I found it fascinating to read more reviews, not only of this book, but of others of Sam's books as well as those of other authors. It became clear to me that any prospective audience for me among these review discussions is widely diverse and far more learned in the subject matter than I am. I can also see that my views are so unorthodox that it is unlikely that I would engage the interest of many, if any, readers on those forums.

So I faced the question, for whom am I musing? I can imagine someone picking up these thoughts and getting interested in them, but aside from Dave, I don't think it is likely. On further reflection, it seems that I am musing strictly for myself. It helps me organize and collect my thoughts and that as a result, they may be more likely to congeal into a more logical speculation of what might be going on in the world. And, like the billions of people who have gone before me, these speculations are likely to follow me into the grave. So be it.

So I will keep on musing.

Yesterday I listened with interest to Sam Harris read his essay titled "Drugs and the Meaning of Life". I was surprised to learn that as a result of a drug-induced state of mind, Sam became convinced that there is more to the universe than we normally observe in our normal state of mind. He said that this conviction has faded somewhat, but the underlying belief is still there. I think this presents an opening where, if I had the chance, I might be able to persuade him to change his views on free will and mind/body dualism. Those two are at the root of my disagreements with Sam.

Sam tossed out a challenge in footnote 3 to his essay:

"The fact that dualists can never say what would count as evidence against their views makes this ancient philosophical position very difficult to distinguish from religious faith."

If indeed his premise is true, then his conclusion would also be true. But the same could be said for virtually all positions taken on what passes for explanations for reality. Evolutionists, for example, never say what would count as evidence against their views. And, I think Sam would have difficulty saying what would count as evidence against his drug-induced view that there is a greater reality out there somewhere. So I think this challenge to dualism is vacuous. I will stick to my dualism (or even treblism, or greater, as I have written about elsewhere.)

My argument for mind/body dualism goes like this: When we introspect and try to observe our consciousness, we frequently experience phenomena that science has not, and seemingly cannot, explain.

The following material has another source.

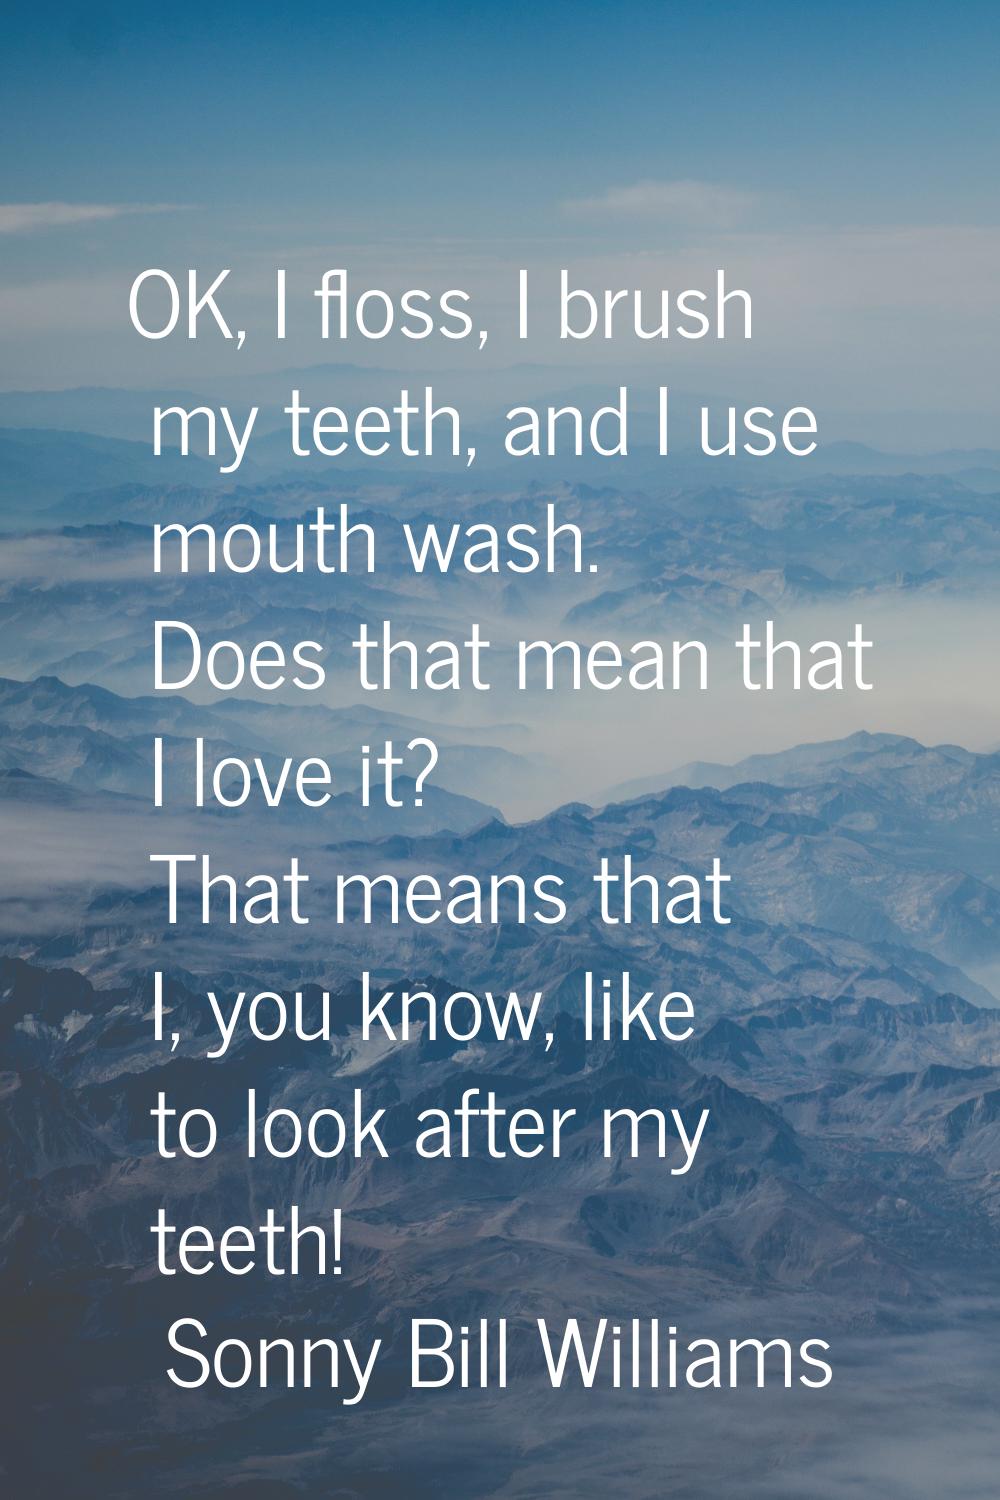 OK, I floss, I brush my teeth, and I use mouth wash. Does that mean that I love it? That means that

For example, my earliest recollection of this observation was when I was 4 or 5 years old and I observed that I could recollect memories at will, that I could freely direct my attention to whatever I chose, that I could experience the "greenness" of grass, among other wonders. Ever since that day, I have been eagerly waiting for someone to explain the phenomena, and I have been consistently disappointed for the past 70 years that neither science, nor religion, nor any other institution or person has been able to do so satisfactorily.

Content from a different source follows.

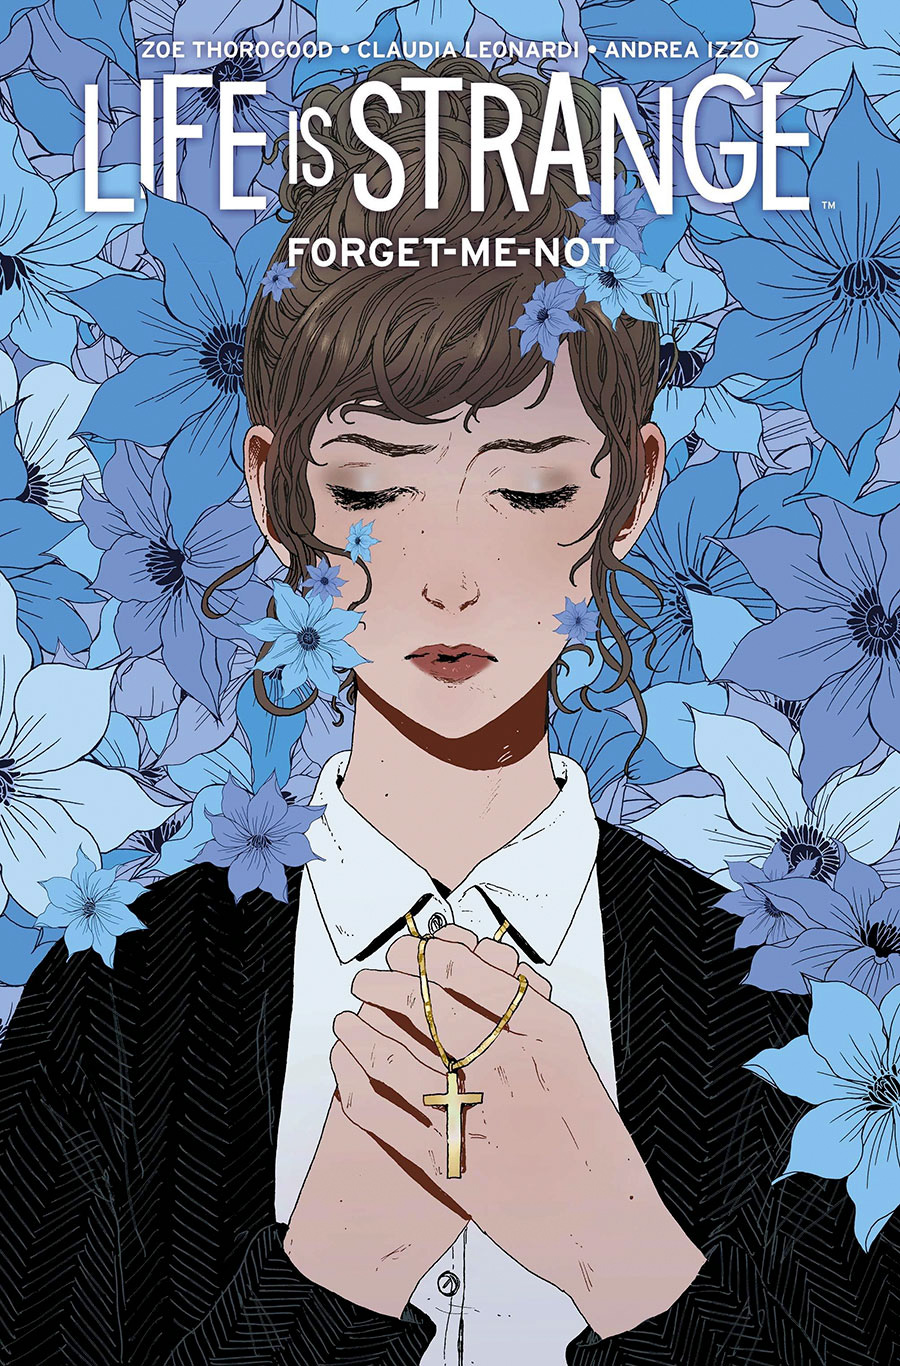 Life Is Strange Forget-Me-Not #2 Cover B Variant Zoe Thorogood Cover

Other examples include the arguments made by John Searle which he claimed that there is "something else" involved in mentality; the arguments made by David Chalmers which he characterized as "the Hard Problem" of experiencing qualia: the arguments made by Sir Roger Penrose that minds perform tasks that in principle cannot be performed by machines; and the observations made by Sam himself in his drug-induced state.

So we have these phenomena which seem to lie outside the purview of science. And, since the purview of science is the natural world, these phenomena are commonly, and rightfully, dubbed super-natural phenomena, and therefore are anathema to science and to serious scientists.

But to me, that is merely a semantic problem. What we choose to call these phenomena, or how we choose to categorize them, does not bear on the profound mystery they represent. We need to face the fact that they exist. I can definitely experience greenness whether philosophers deny it or whether a machine can be made to parrot the same assertion, or not. And that experience is unexplained.

Once we admit that there is "something more", or something "super-natural", then we have established the reality of mind/body dualism. And, to round out an idea I just mentioned, we could extend the dualism of mind and body to include a third "world", as Penrose did, by adding the Platonic world of forms. As Penrose pointed out, this world contains things like mathematical forms including those that make up the known laws of Physics. And, with a little reflection, it is clear that this Platonic world exists neither in the physical world of the body nor in the mental world in its entirety, even though for relatively brief periods, a subset of it appears in both.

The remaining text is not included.